Hi,
On 32-bit 80x86, there really isn't enough registers; and there's problems with variadic functions and functions with more arguments than you have registers. Passing arguments in registers can make code faster, but it can also make code slower (e.g. caller saves "in use" values in registers onto the stack before it can store arguments in those registers; then callee pushes arguments from registers onto stack so it can use the registers itself); and this is partly why some registers are "callee preserved" (so the caller knows it won't need to save "in use" values in those callee preserved registers).
Don't forget that for GCC you can already tell it to use the "fastcall" calling convention (which passes the first 2 arguments in registers); and (for performance) this is possibly a good compromise between passing too many arguments in registers (and harming performance) and passing too many arguments on the stack (and harming performance).

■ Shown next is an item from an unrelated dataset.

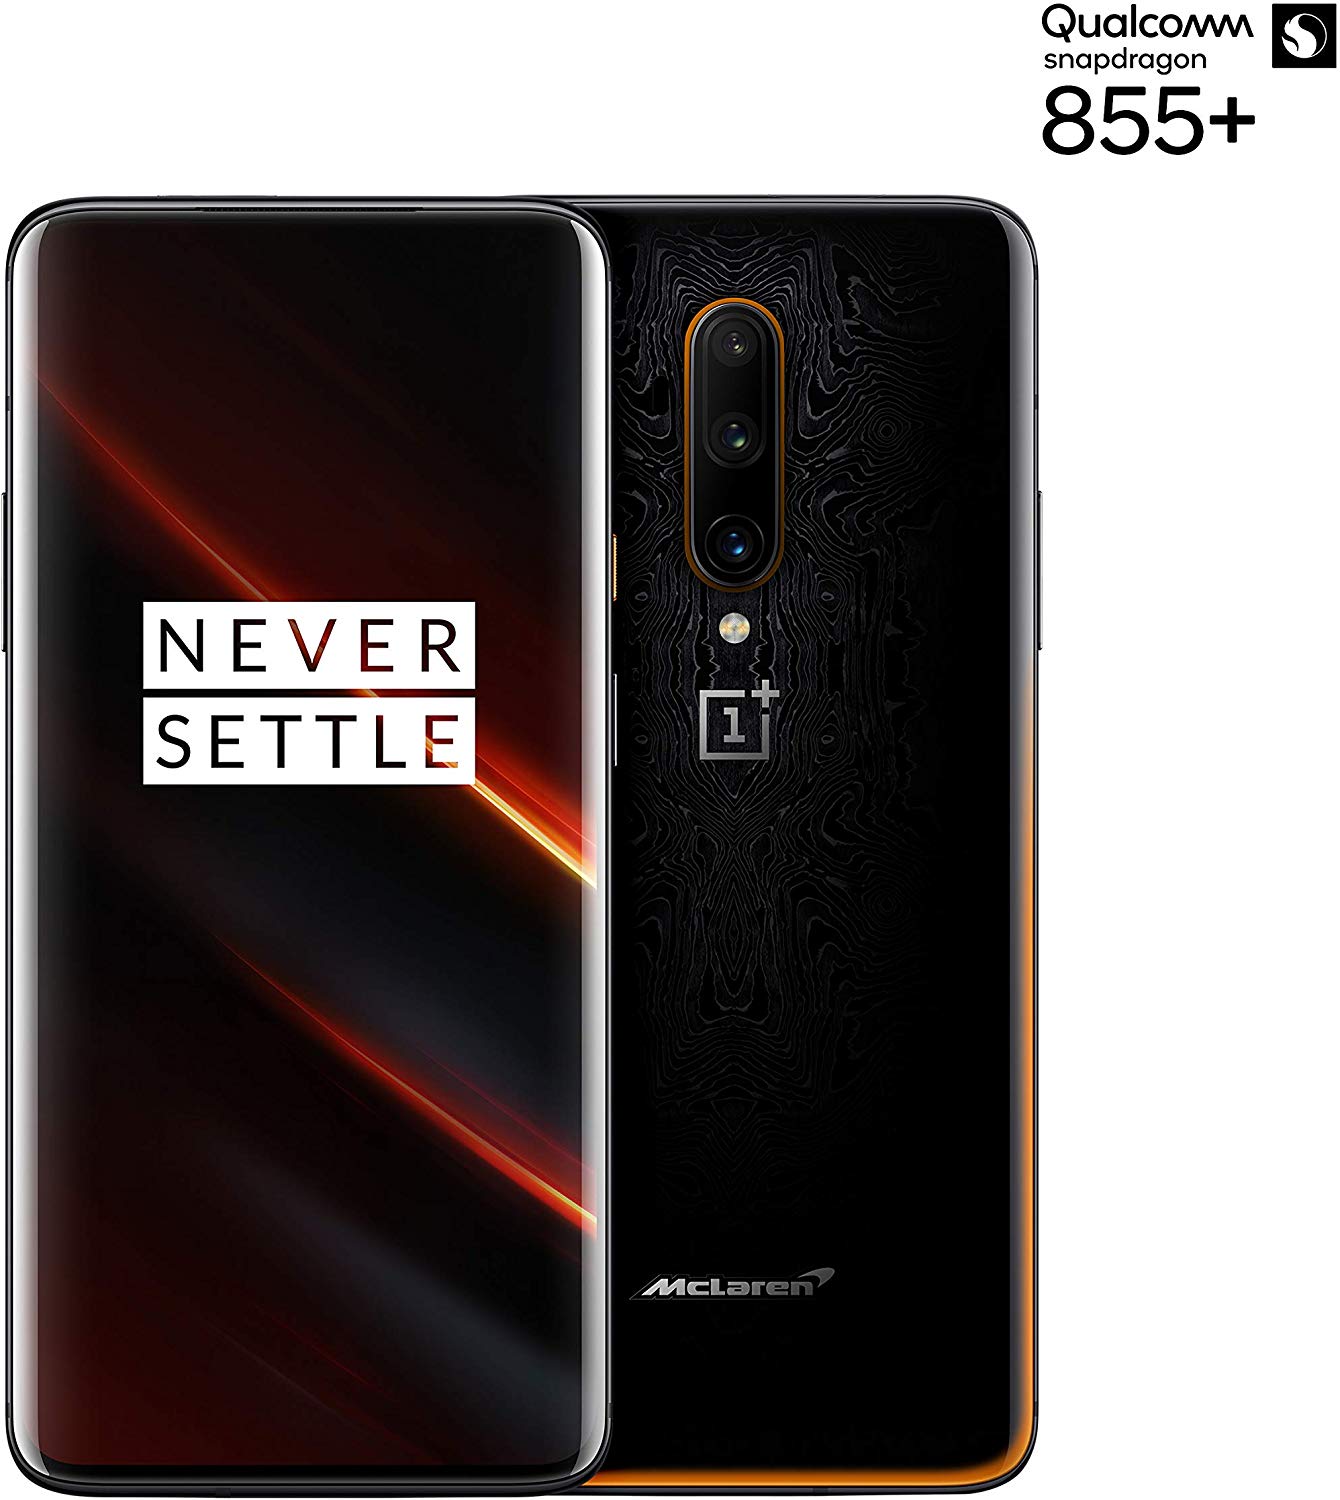 OxygenOS 11.0.2.1 for the OnePlus 7T Pro and OnePlus 7T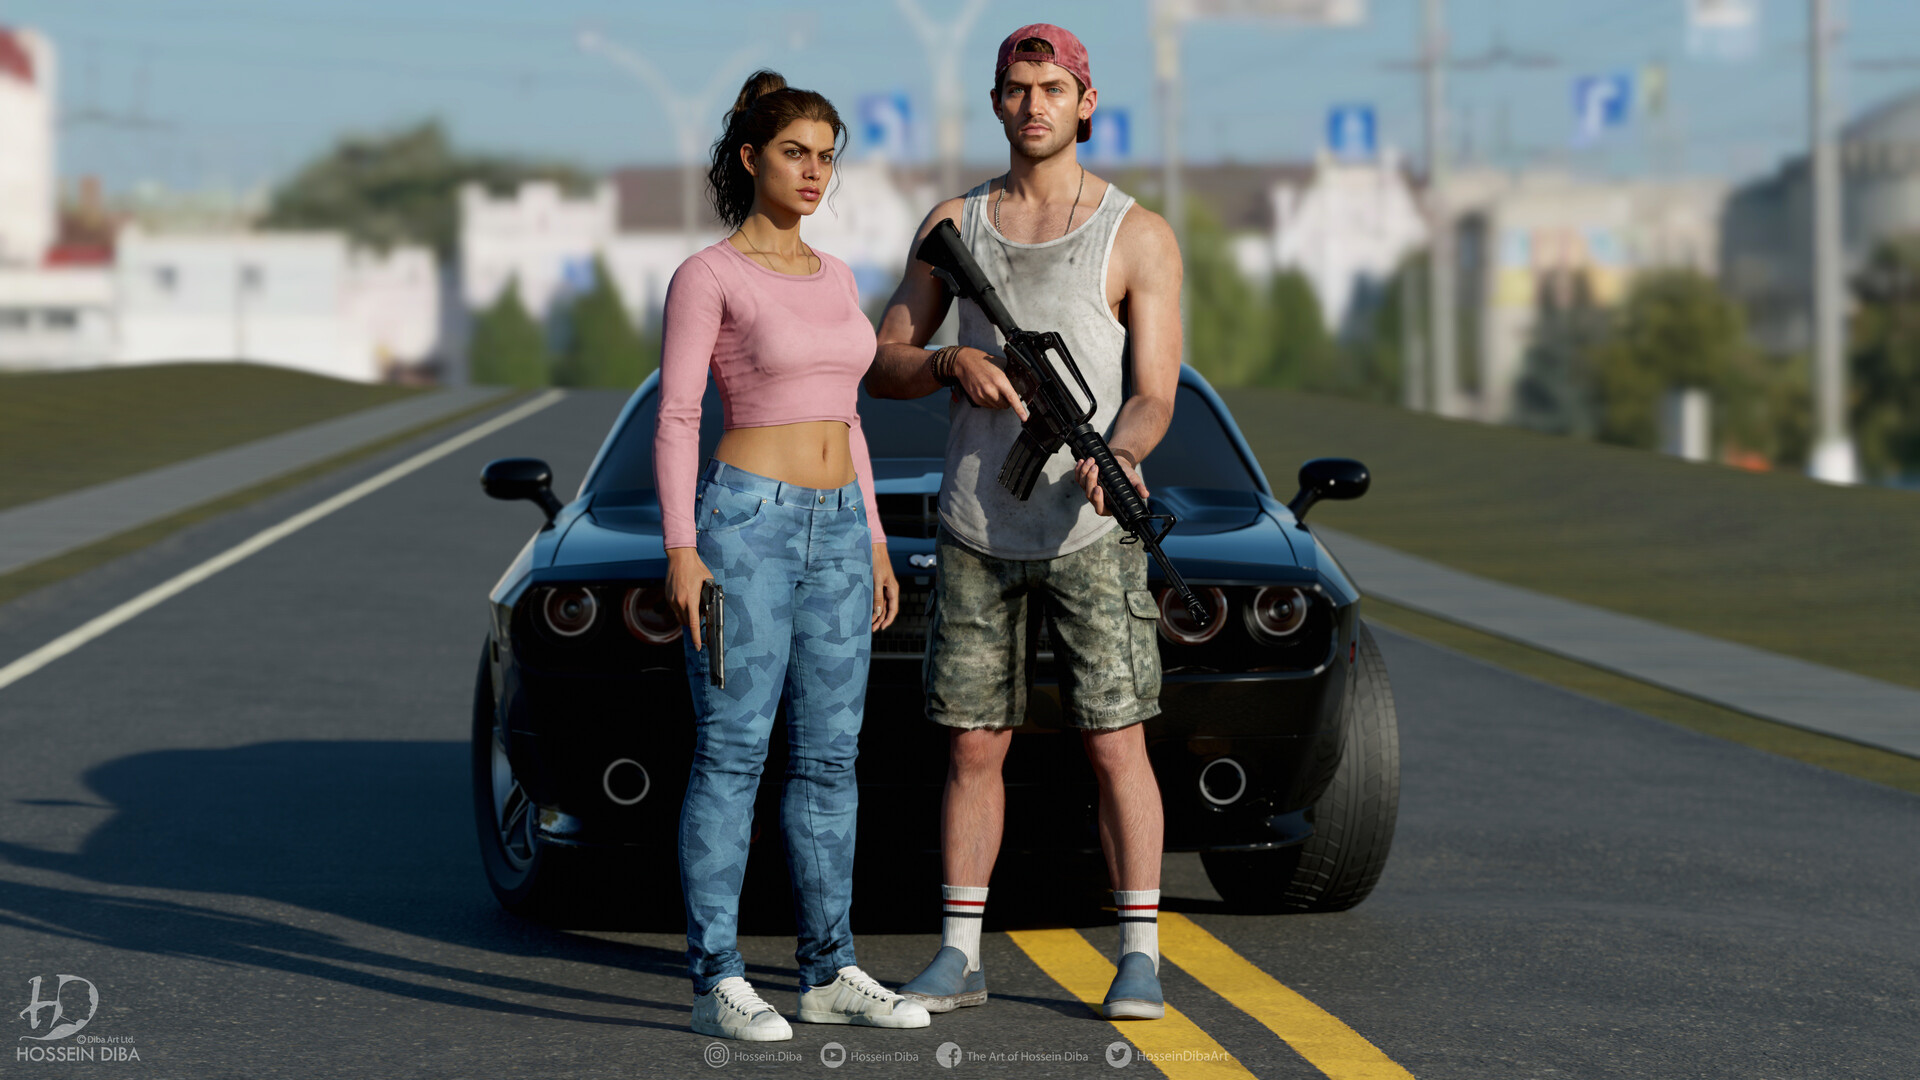 GTA 6 Leaks with Cheating and Romance (Jason & Lucia)

In theory the best approach is "no ABI"; as this allows the compiler to customise/optimise the calling used by each function individually to suit the function itself and any callers the compiler knows about; and get the fastest code for each specific case. In practice most modern compilers already support this, but only for static functions or if/when you use whole program optimisation (and not for dynamically linked/shared libraries).
Also; by changing the ABI significantly you'll probably break the compiler's code optimisers, and will need to fix them. You're not talking about minor changes to prologue/epilogue and "function call generation" alone.
Of course you will be breaking more than just GCC (e.g. debuggers and linkers won't understand your calling convention either).
Hellbender wrote:
I was thinking that since there is no user data in the callstack (where the return address is), there are no pointers to the callstack memory in any typical code. Thus, any buffer overflow could not overwrite return address, because callstack is separated from framestack by (large number of) non-present pages. Am I missing something in this line of thought?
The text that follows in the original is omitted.